#### Work instruction:
With the images removed, write out every line below exactly.

::: Supplied data

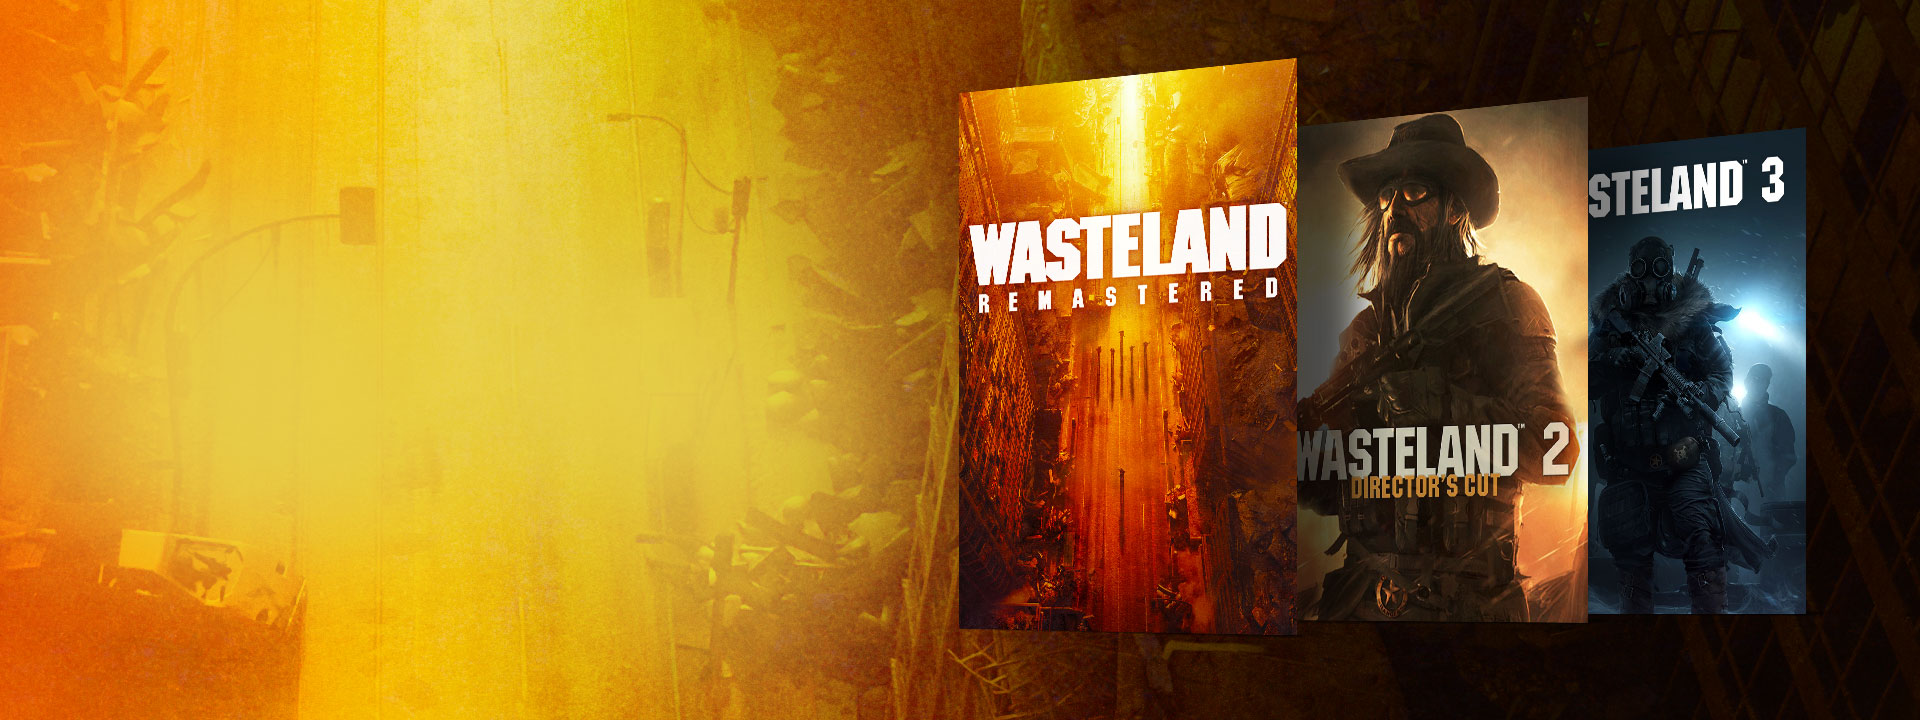 Obrázky balenia hry Wasteland Remastered, Wasteland 2 Cut's Director a Wasteland 3. Pozadie opustenej ulice so žltými a oranžovými odtieňmi
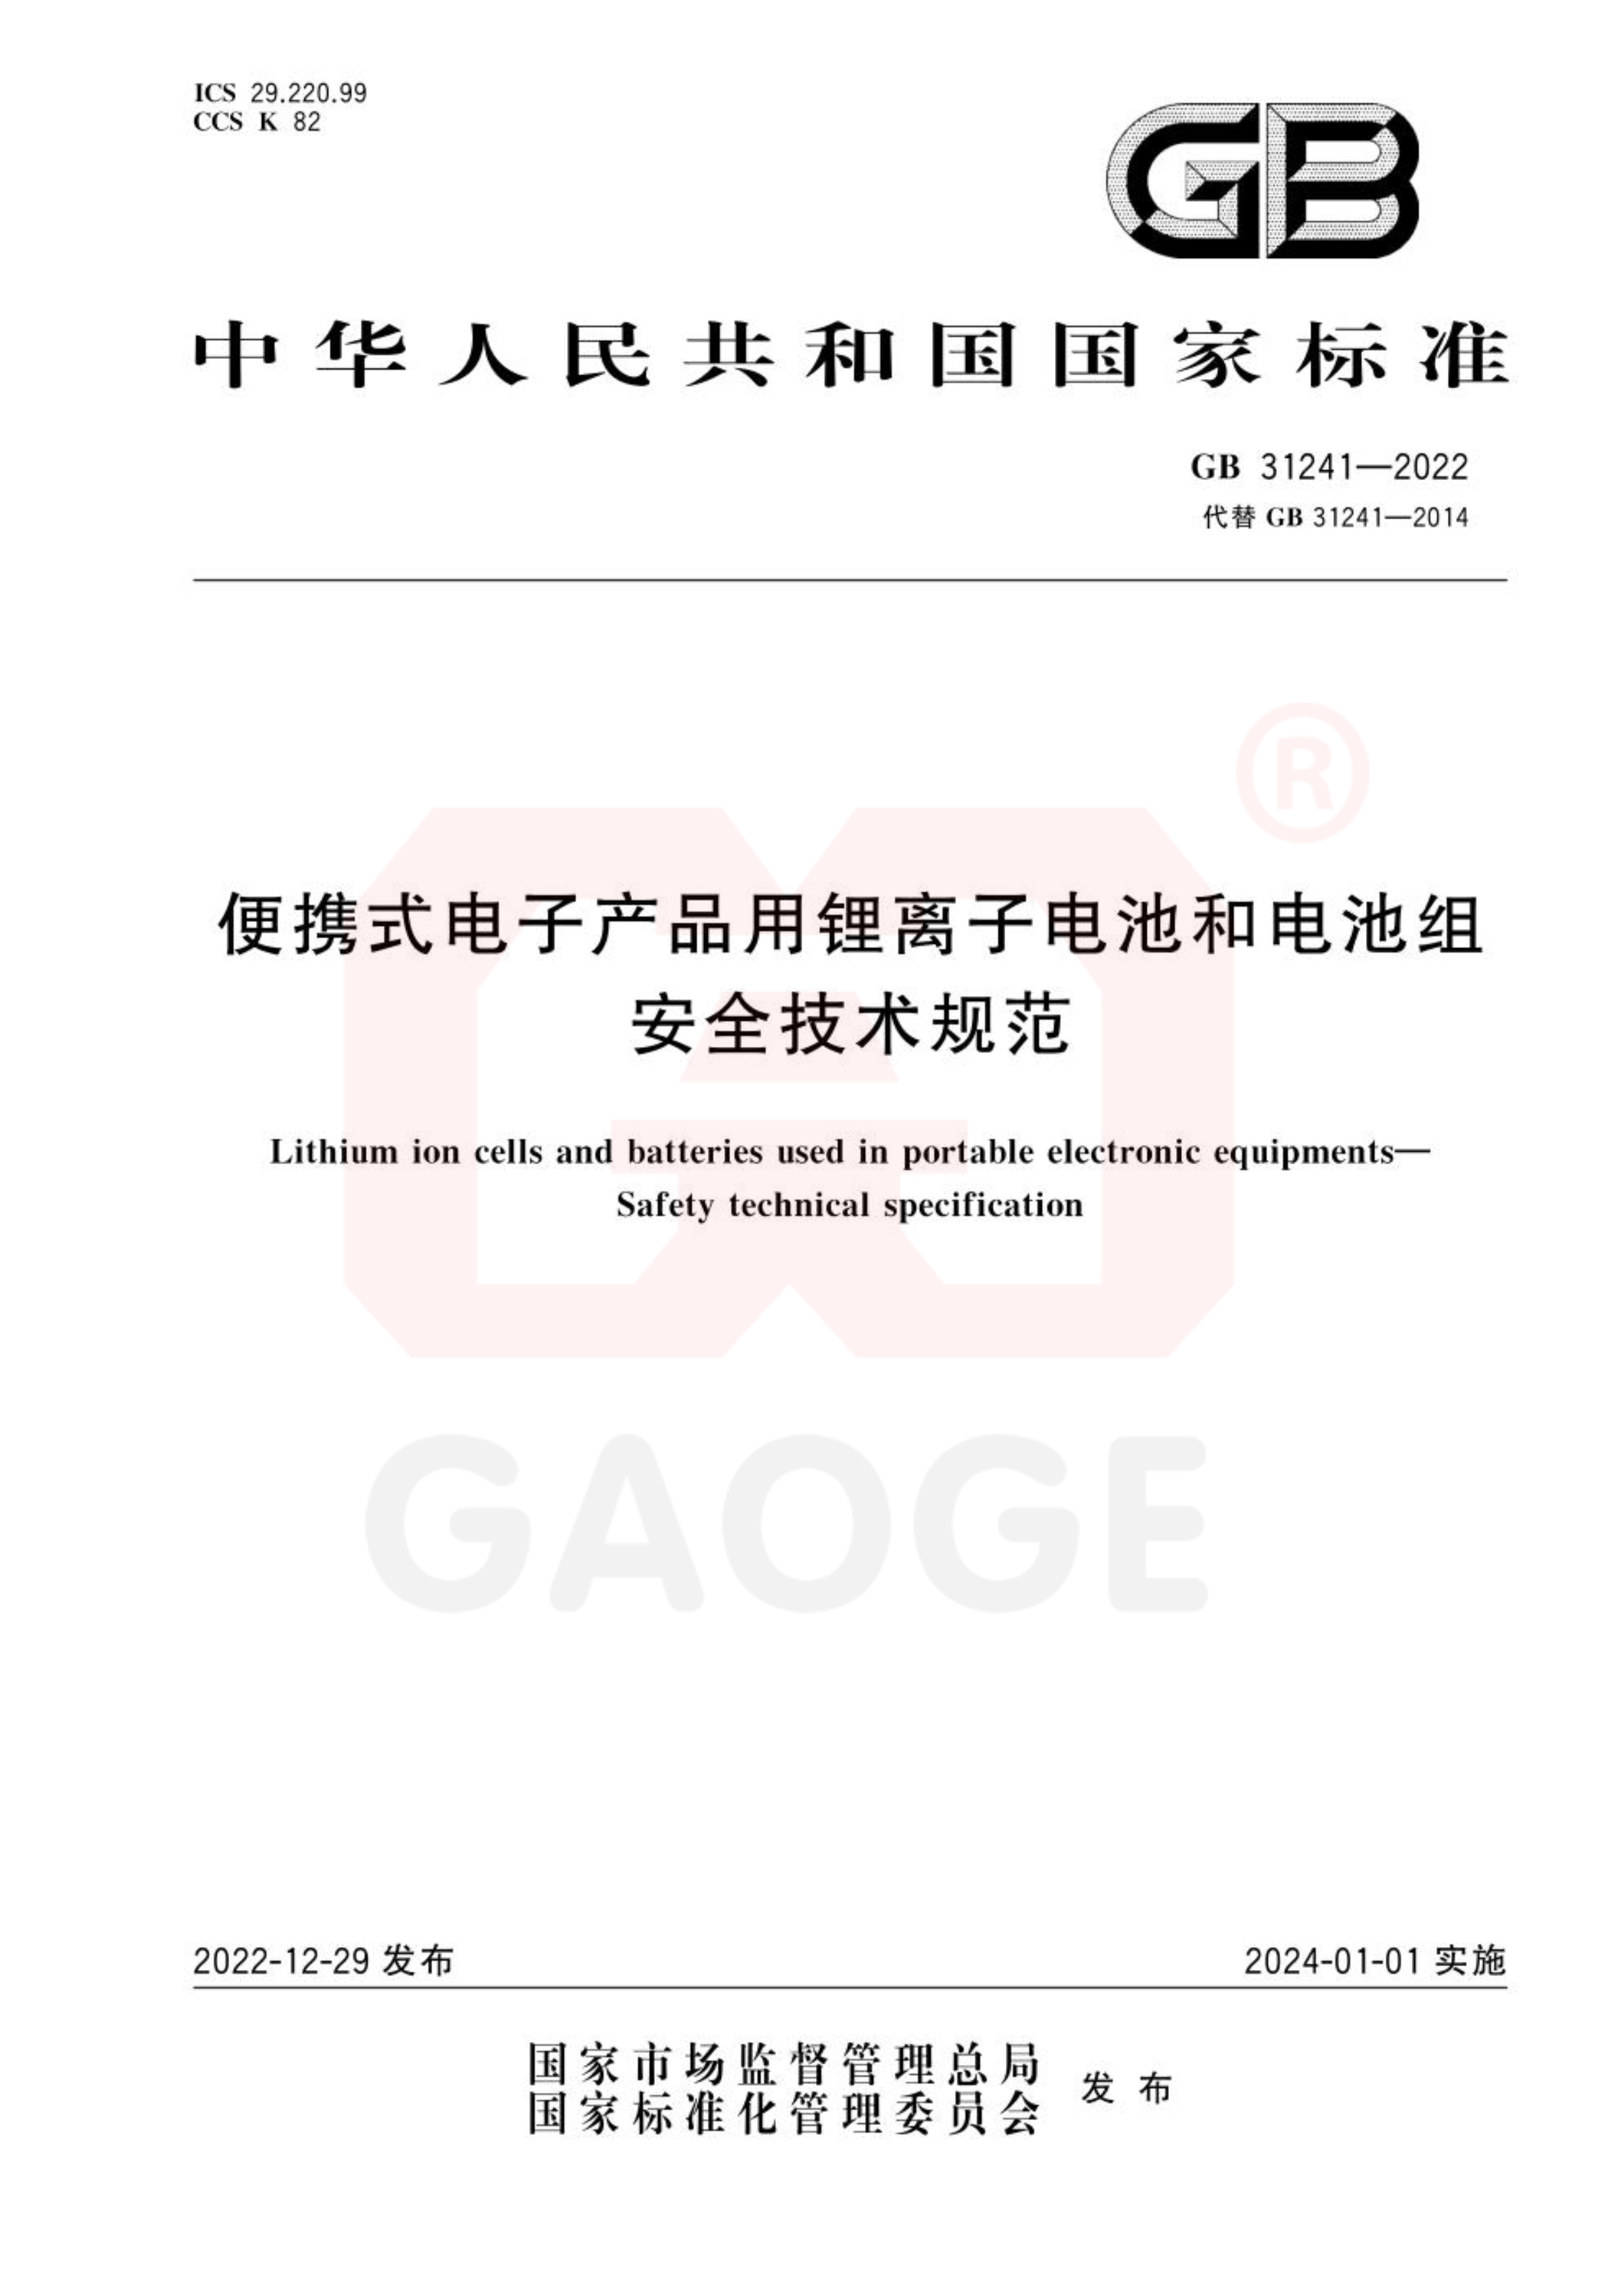 GB 31241-2022_《便携式电子产品用锂离子电池和电池组安全技术规范》
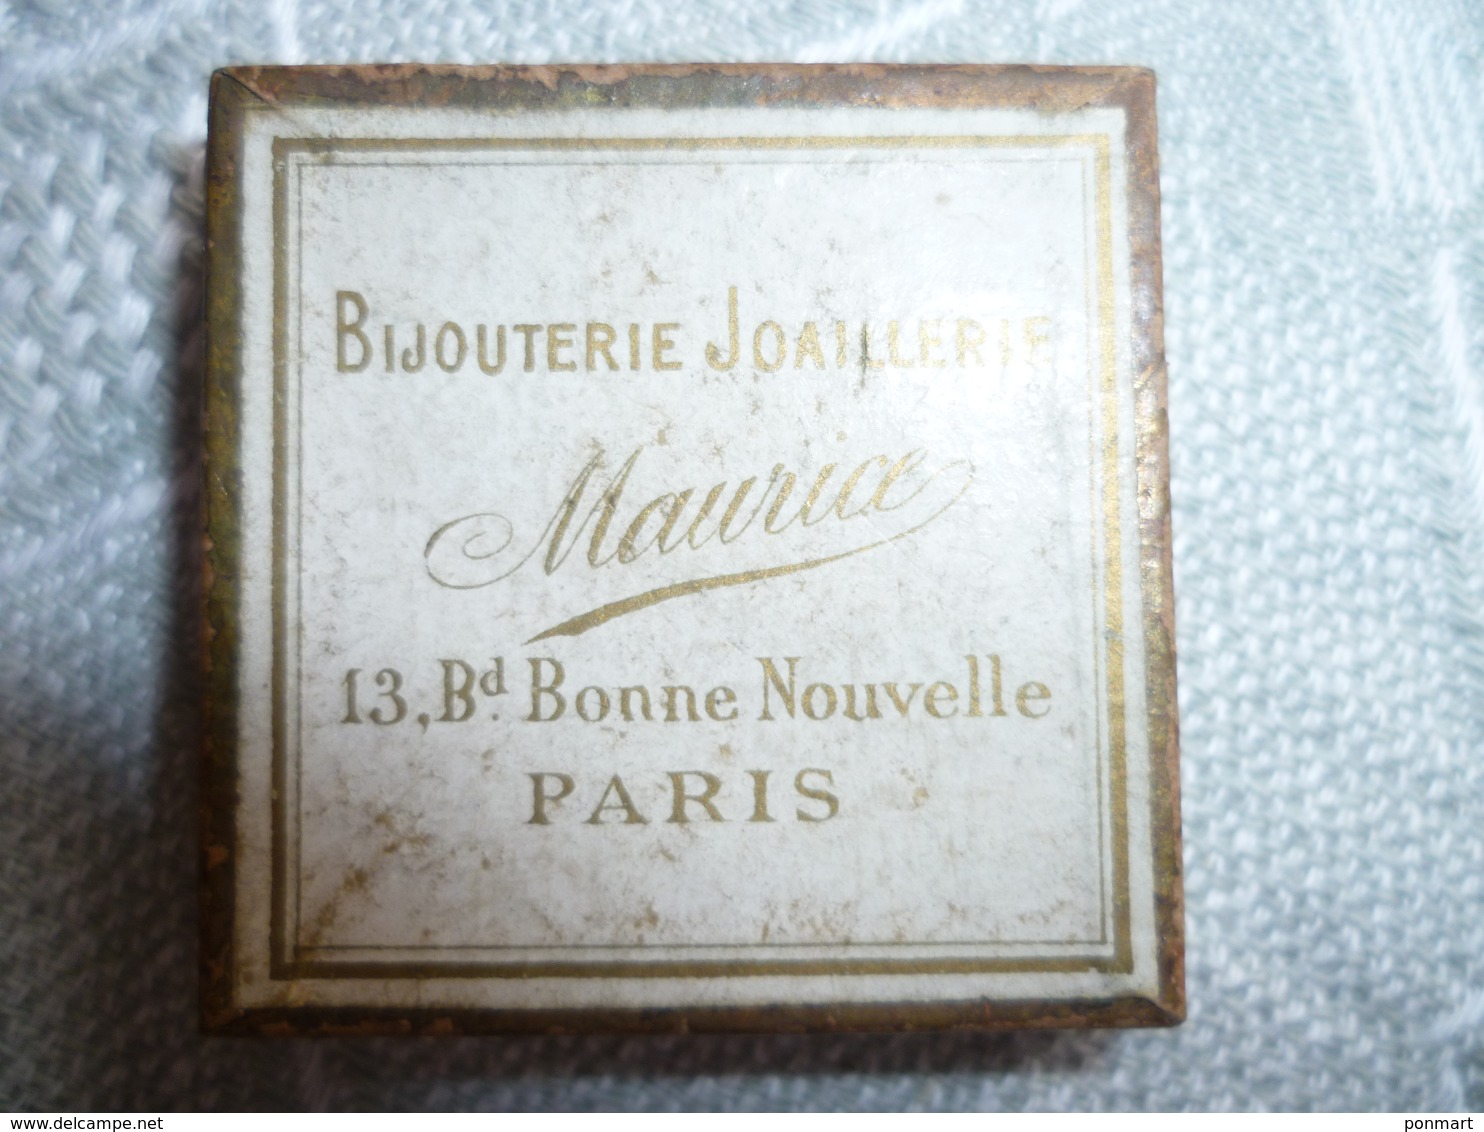 Boite Publicité Carré  "bijouterie Joaillerie Maurice  Paris - Dozen

::::::

#### Response:
 Obrázky balenia hry Wasteland Remastered, Wasteland 2 Cut's Director a Wasteland 3. Pozadie opustenej ulice so žltými a oranžovými odtieňmi
 GB 31241-2022_《便携式电子产品用锂离子电池和电池组安全技术规范》
 Boite Publicité Carré  "bijouterie Joaillerie Maurice  Paris - Dozen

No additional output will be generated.